Global stocks opened slightly lower Monday as investors took stock of last week’s rally, following progress in U.S.-China trade talks and strong U.S. employment figures, while conflict in Libya sent oil prices higher.

In Europe, the Stoxx Europe 600 was down 0.1% in morning trading. Futures pointed to small opening declines on Wall Street of 0.2% for the Dow Jones Industrial Average and 0.1% for the S&P 500.

In Asia, the Shanghai Stock Exchange was down 0.1%, Hong Kong’s Hang Seng Index gained 0.4% and Japan’s Nikkei dipped 0.2%.

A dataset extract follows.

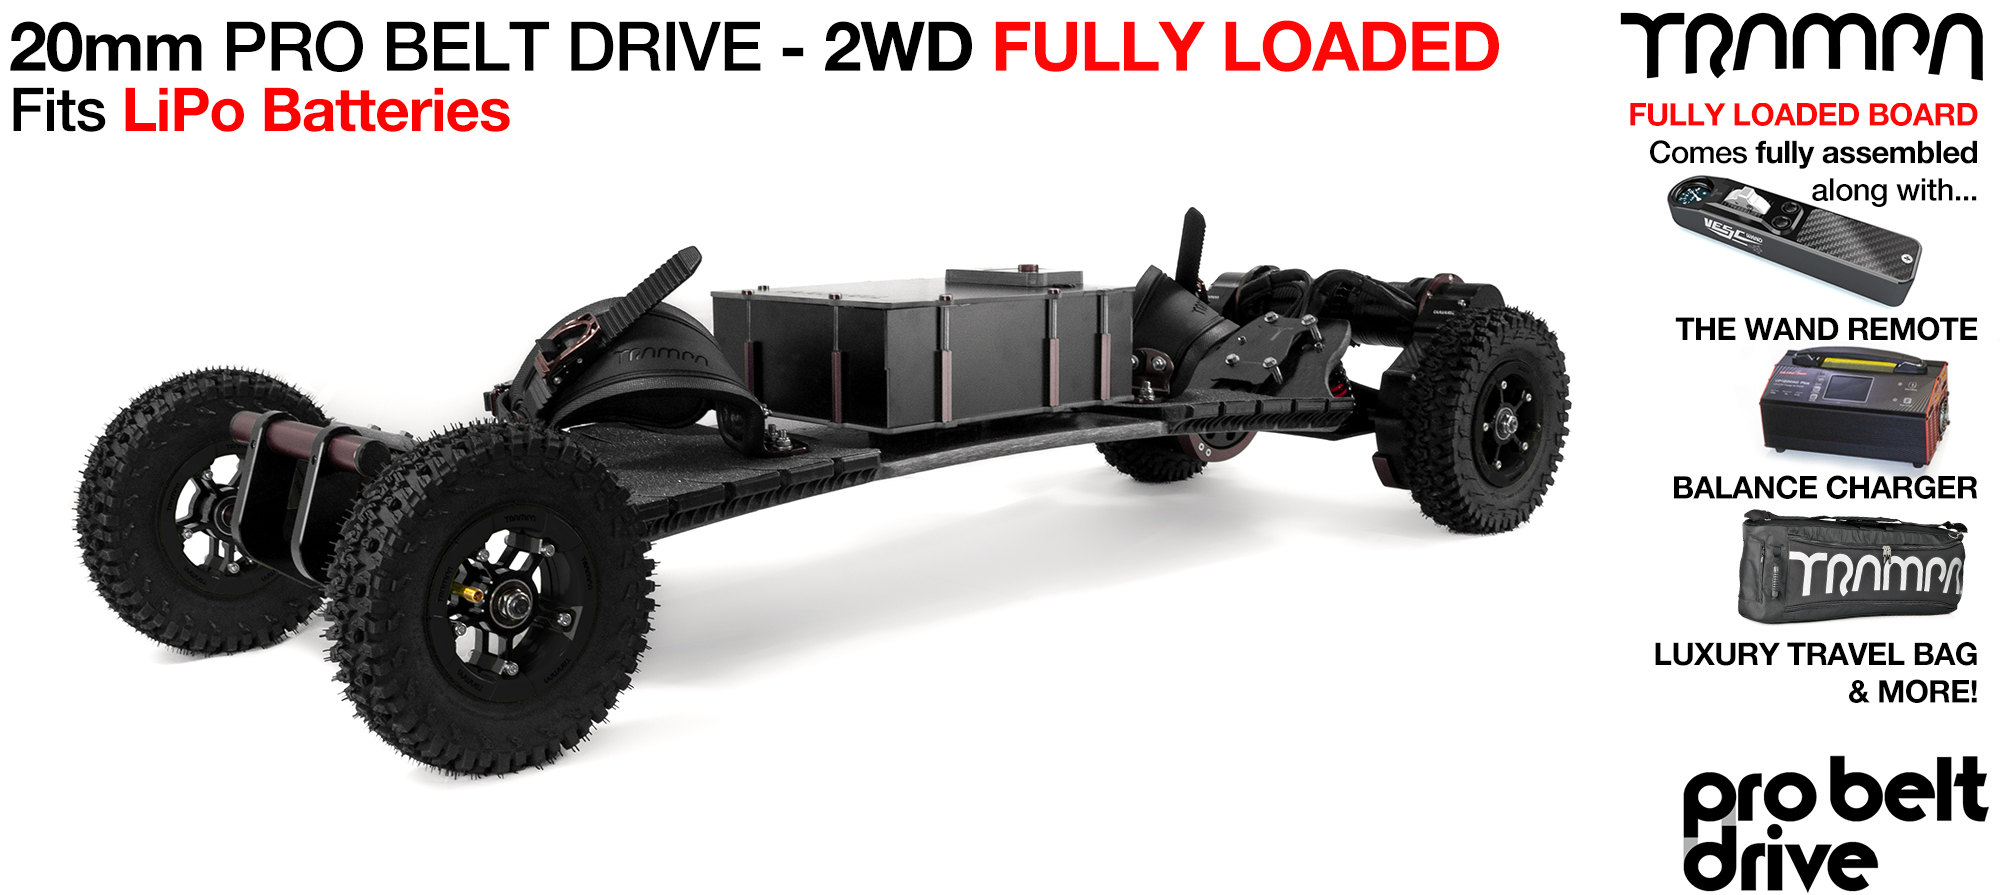 2WD 20mm PRO BELT DRIVE E-MTB - LOADED for Li-Po Cells  (£2,000)

The buoyant mood that propelled markets at the beginning of 2019 has faded in recent weeks as many investors question how long the expansion in the U.S. economy can go on.

Still, global markets rallied last week as President Trump met Chinese officials in Washington, claiming progress in trade negotiations, while data Friday showed that U.S. job growth rebounded in March.

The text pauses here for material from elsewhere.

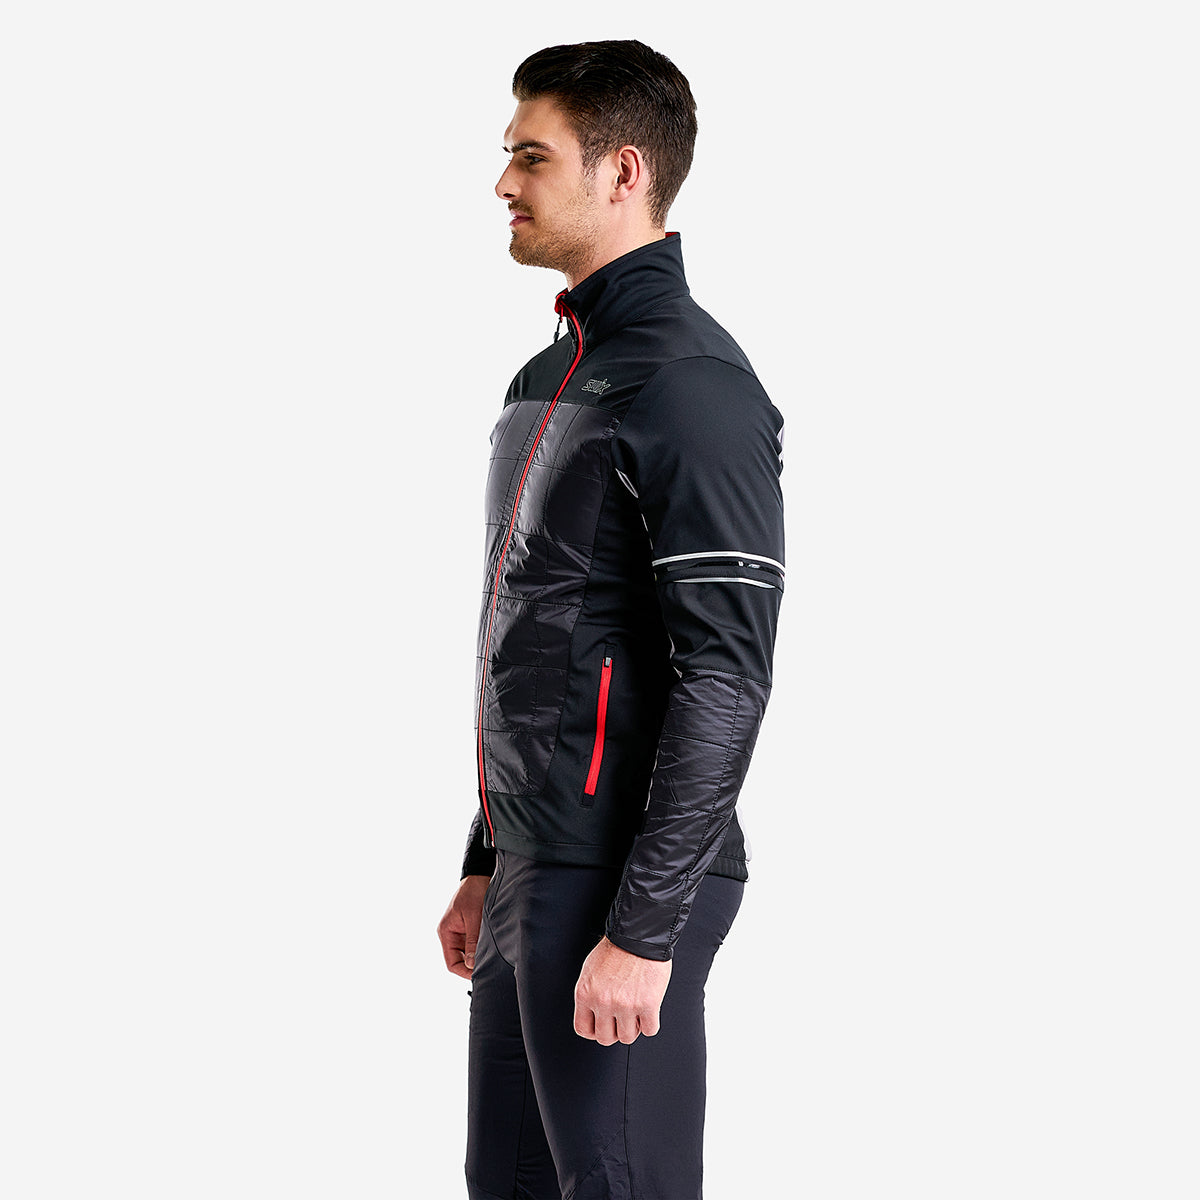 Navado - Men's Hybrid Jacket

Emiel van den Heiligenberg, head of asset allocation at Legal & General Investment Management, sounded a note of optimism about global growth, pointing to signs of reflation in China, progress in U.S.-China trade negotiations and dovish comments from the Federal Reserve.

“People worry too much,” he said, saying he now forecasts recession in the U.S. economy is as far out as 2021, whereas just five months ago he had expected that downturn in mid-2020.

The WSJ Dollar Index, which tracks the dollar against a basket of 16 currencies, was down 0.1% Monday.

The 10-year U.S. Treasury yield edged down to 2.492% from 2.503% Friday. Yields move inversely to prices.

Elsewhere in commodities, global benchmark Brent crude oil was down 0.3% at $70.43 a barrel.

Oil prices jumped this weekend as fighting broke out near Tripoli, the Libyan capital, sending the oil-rich nation to the brink of civil war. The U.S. military said it withdrew a small contingent of American forces from the country, citing worsening security.

In the U.K, investors were watching closely as Brussels was set to decide on an extension to the Brexit deadline, perhaps setting a date at the end of the year or even in 2020, while Prime Minister Theresa May sought to cooperate with the opposition Labor Party’s Jeremy Corbyn.

Erik Nielsen, chief economist at UniCredit Bank in London, labeled the Brexit saga “miserable,” warning of the risk that Mrs. May might throw in the towel if talks with the opposition party break down.

“The Conservative party will descend into one of the most divisive leadership contests ever seen in the U.K.,” he said in a note, adding that ongoing uncertainty and a repeat of the current deliberation were possible.

The British pound was flat on the dollar and up 0.1% against the euro Monday. The FTSE 100 index, which is dominated by large international businesses, and the FTSE 250 both dropped 0.1%.